Posted: Mon Sep 22, 2003 7:30 pm

Guest

On 22 Sep 2003 00:41:35 GMT, Fritz Wuehler
<fritz@spamexpire-200309.rodent.frell.eu.org> wrote:

Quote:

The thing about secrets is that they only stay secret (at best) until
you use them.

And nanotechnology secrets are particularly easy to steal.

erincss

Posted: Tue Sep 23, 2003 6:19 am

Guest

Quote:

Fritz Wuehler

Assumming they are the first to build an assembler,
are they likely to share it with the rest of the world, or will this be kept
classified for the next 100 years or more?

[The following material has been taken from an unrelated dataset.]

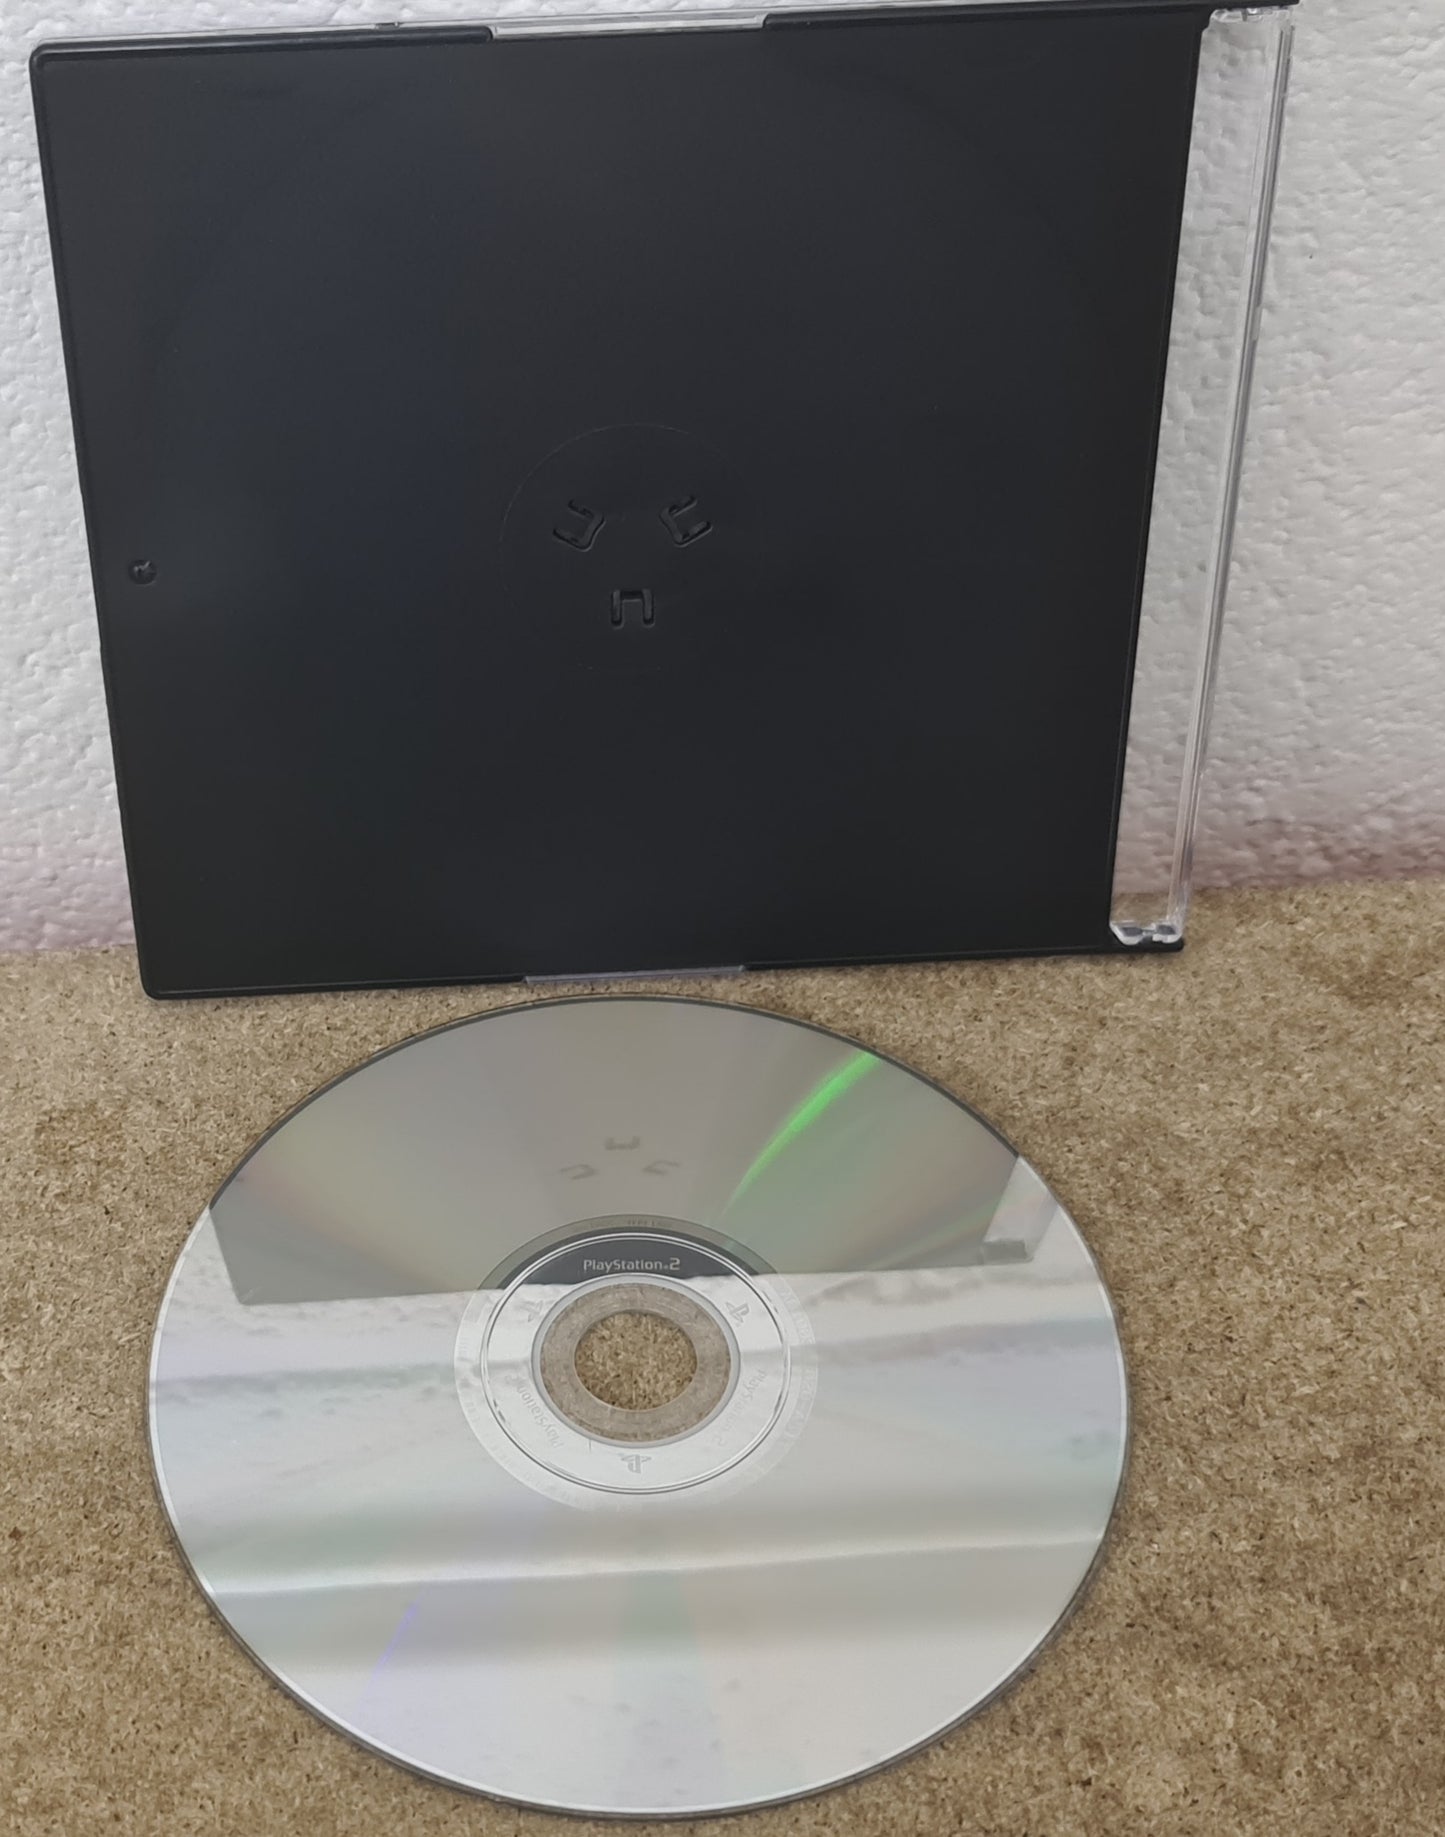 Kuri Kuri Mix Sony Playstation 2 (PS2) Game Disc Only

It would be classified, and they would never tell you about it until it was
absolutely necessary to deal with it, and then they would take credit for it.

John S. Novak, III

Posted: Tue Sep 23, 2003 6:20 am

Guest

In article <bklgfv01ub5@enews1.newsguy.com>, Fritz Wuehler wrote:

Quote:

First, United States military classifactions usually only last for
seventy years, not one hundred. I find it remarkably difficult to
believe that, given the rate of technological advance today, that there
is any fundamental breakthrough that the military could make which could
not be replicated by private industries and academia in the ten to
twenty years following, depending on the luckiness of all concerned.

Second, it quite literally depends on where the funding comes from and
who does the research. Some research is done by government labs, such
as Sandia or Oak Ridge National Labs. Some is done by more
exclusively military labs, like the Naval Research Observatory. Some
is contracted out to universities (as by DARPA) and some to private
military contractors like Northrop Grumman or Raytheon.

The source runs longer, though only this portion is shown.